Al final de la Asamblea sinodal,
los Patriarcas de las Iglesias
Orientales han lanzado un invocación que la hago mía, para llamar la
atención a la comunidad internacional, de los líderes religiosos y
de todos los hombres y mujeres de buena voluntad sobre la tragedia
que está acaeciendo en algunos países de Oriente, donde los
cristianos son víctimas de intolerancia y de crueles violencias,
muertos, o son amenazados y obligados a abandonar sus casas y a
deambular en la búsqueda de refugio. Pienso en este momento sobre
todo en Irak y en India. Estoy seguro que las antiguas y nobles
poblaciones de aquellas Naciones hayan aprendido, en el curso de los
siglos de respetuosa convivencia, a apreciar el aporte que las
pequeñas y, sin embargo, operosas y calificadas minorías cristianas
dan al crecimiento de la patria común. Éstas no demandan privilegios,
sino que desean sólo poder seguir viviendo en su país junto a sus
conciudadanos, como lo han hecho siempre.

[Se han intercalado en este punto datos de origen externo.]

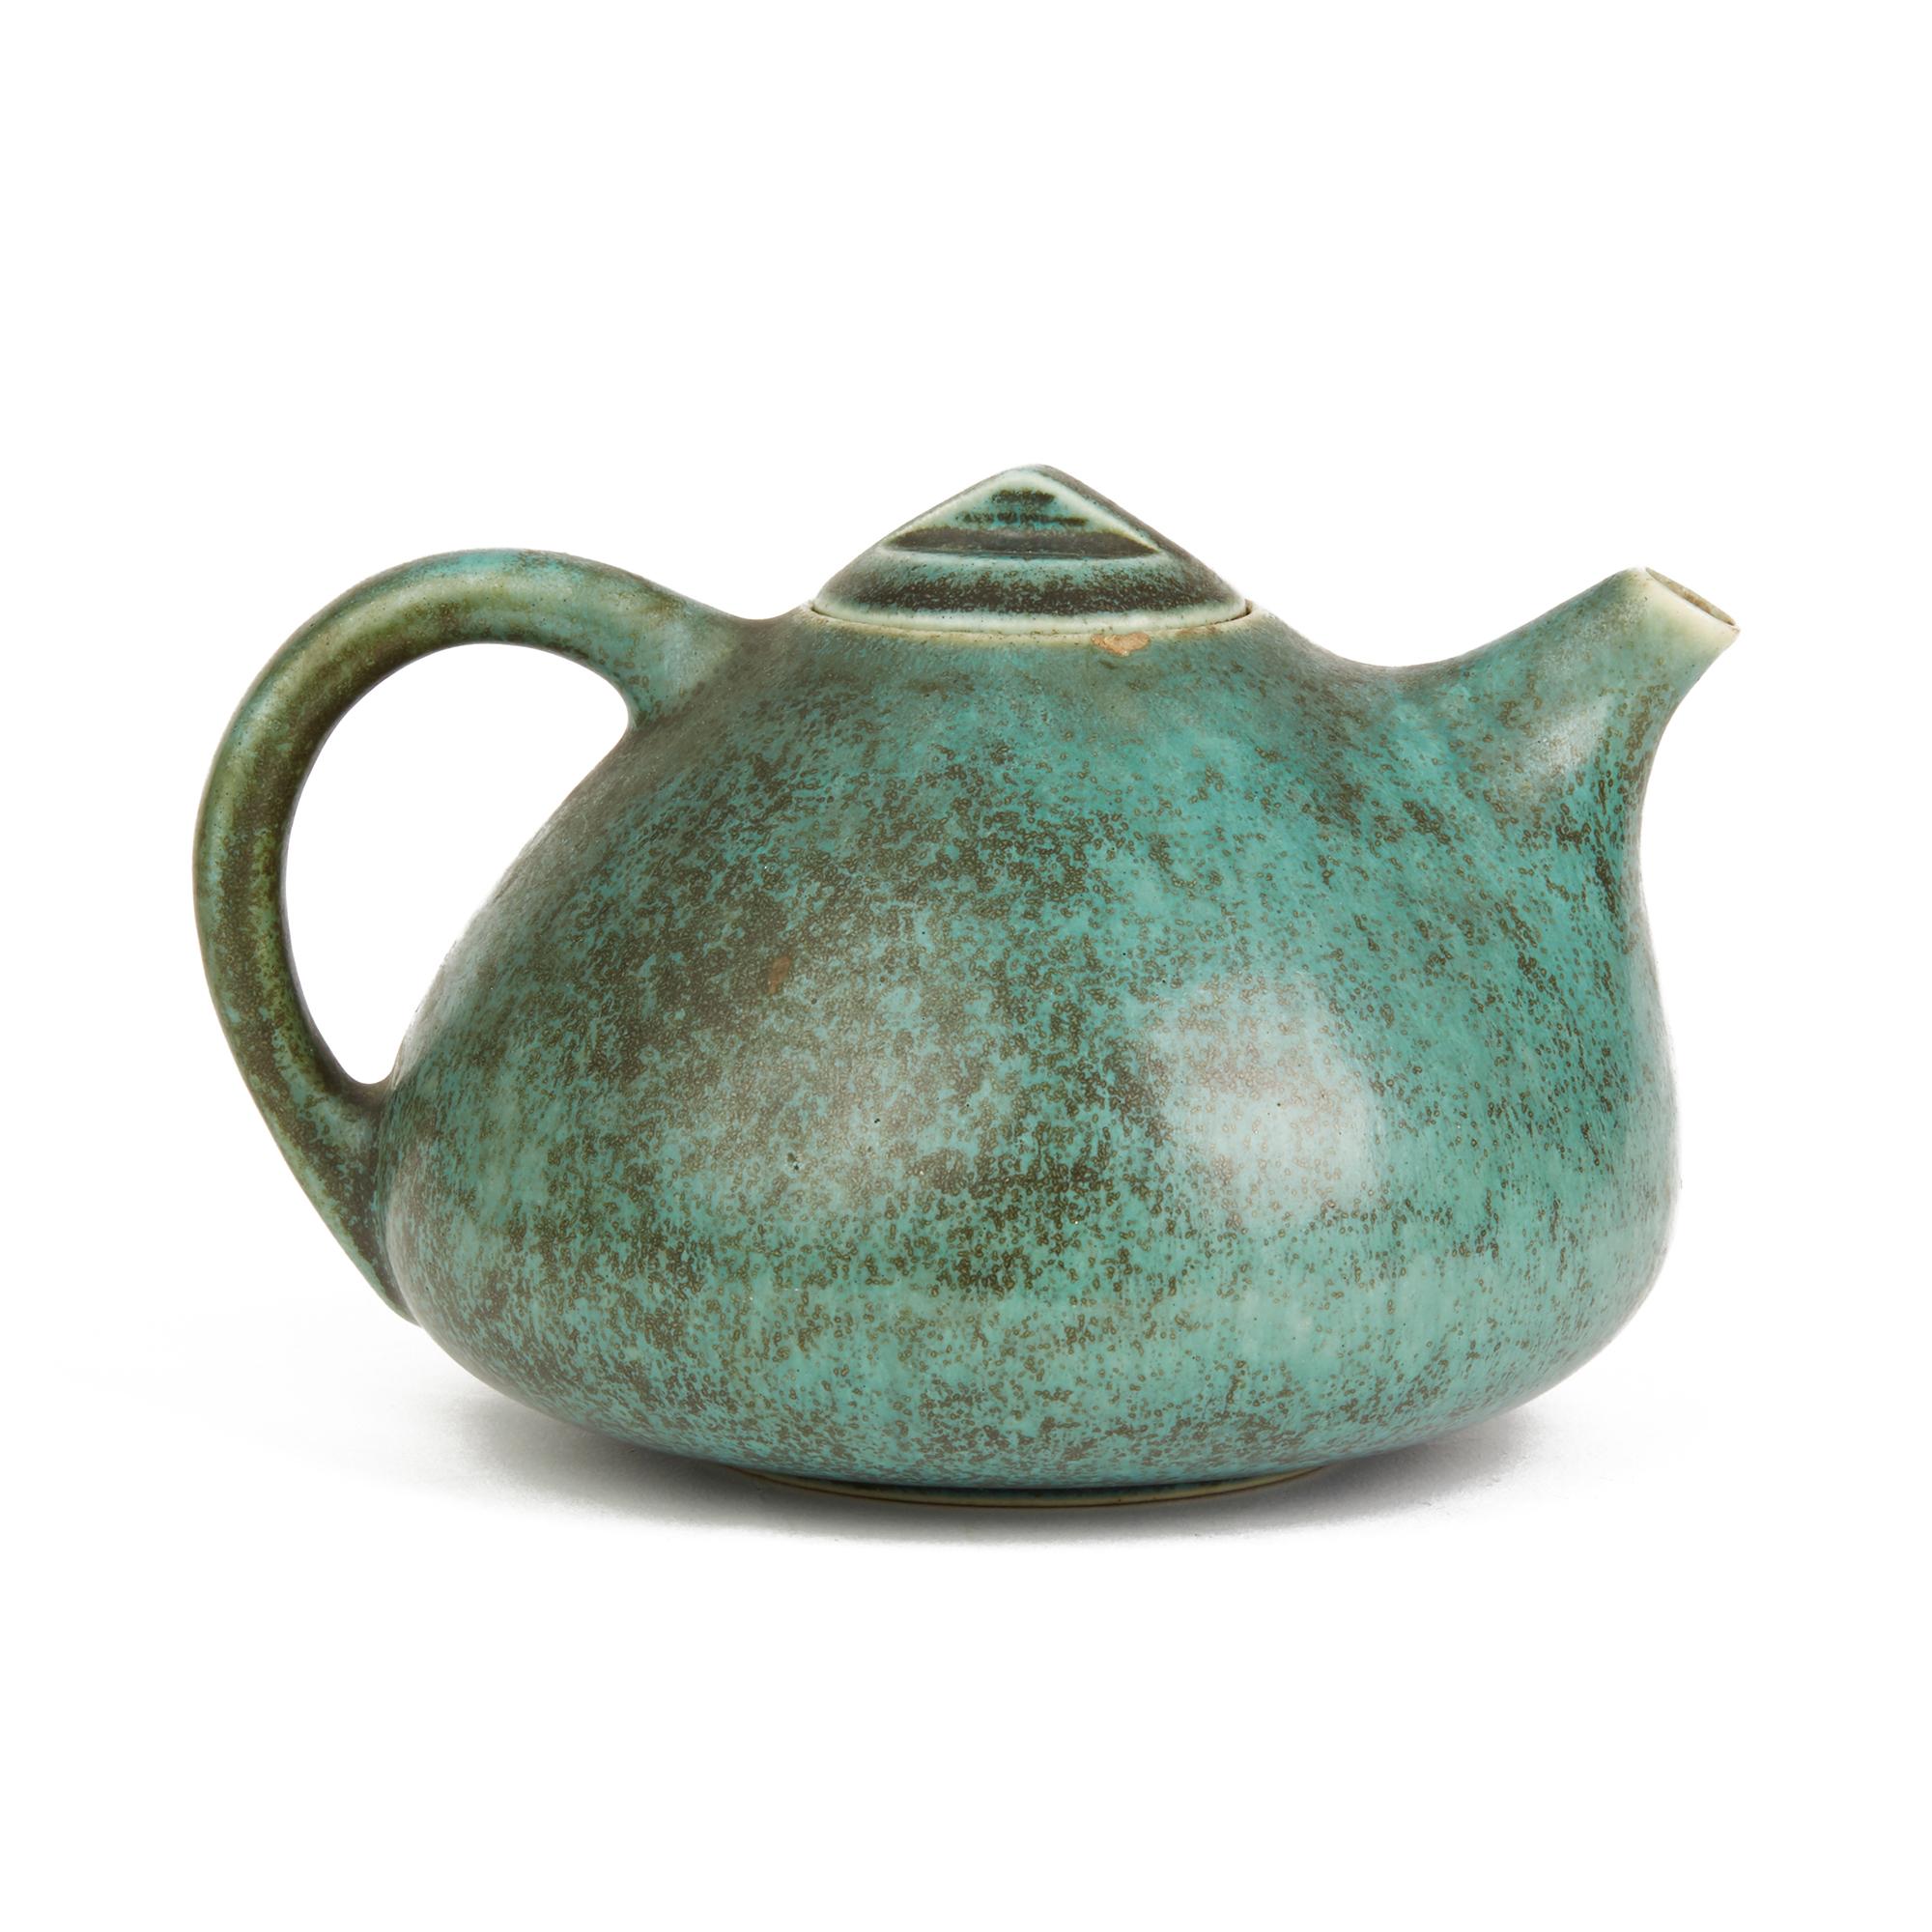 A scarce vintage Danish Saxbo stoneware teapot designed by Eva Stæhr-Nielsen. The teapot of squat rounded form has a fitted angular cover with small pouring spout and loop handle and is decorated in satin mottled brown and green glazes. The teapot

A las Autoridades civiles
y religiosas interesadas, solicito no ahorrar ningún esfuerzo a fin
de que la legalidad y la convivencia civil, sean restauradas lo más
pronto posible y los ciudadanos honestos y leales sepan que cuentan
la protección necesaria por parte de las instituciones del Estado.
Auspicio también que los Responsables civiles y religiosos de todos
los Países, conscientes de su función de guía y referencia para los
pueblos, cumplan con gestos significativos y explícitos de amistad y
de consideración en relación de las minorías cristianas o de otras
religiones, y surja un punto de referencia honorable para la defensa
de sus legítimos derechos.
Estoy muy contento, asimismo, de hacerles conocer a todos los aquí
presentes, lo que ya he anunciado hace poco durante la Santa Misa:
en octubre del próximo año se realizará en Roma la IIda. Asamblea
Especial del Sínodo para áfrica. Antes de esto, si Dios quiere, el
mes de marzo, tengo la intención de viajar a áfrica, visitando
primeramente Camerún, donde entregaré a los Obispos del Continente
la Instrumentum laboris del Sínodo y, luego, a Angola para celebrar
el 500° aniversario de la evangelización de este país. Confiamos los
sufrimientos antes recordados, así como las esperanzas que todos
llevamos en el corazón, y especialmente las esperanzas en favor del
Sínodo de África, a la intercesión de María Santísima.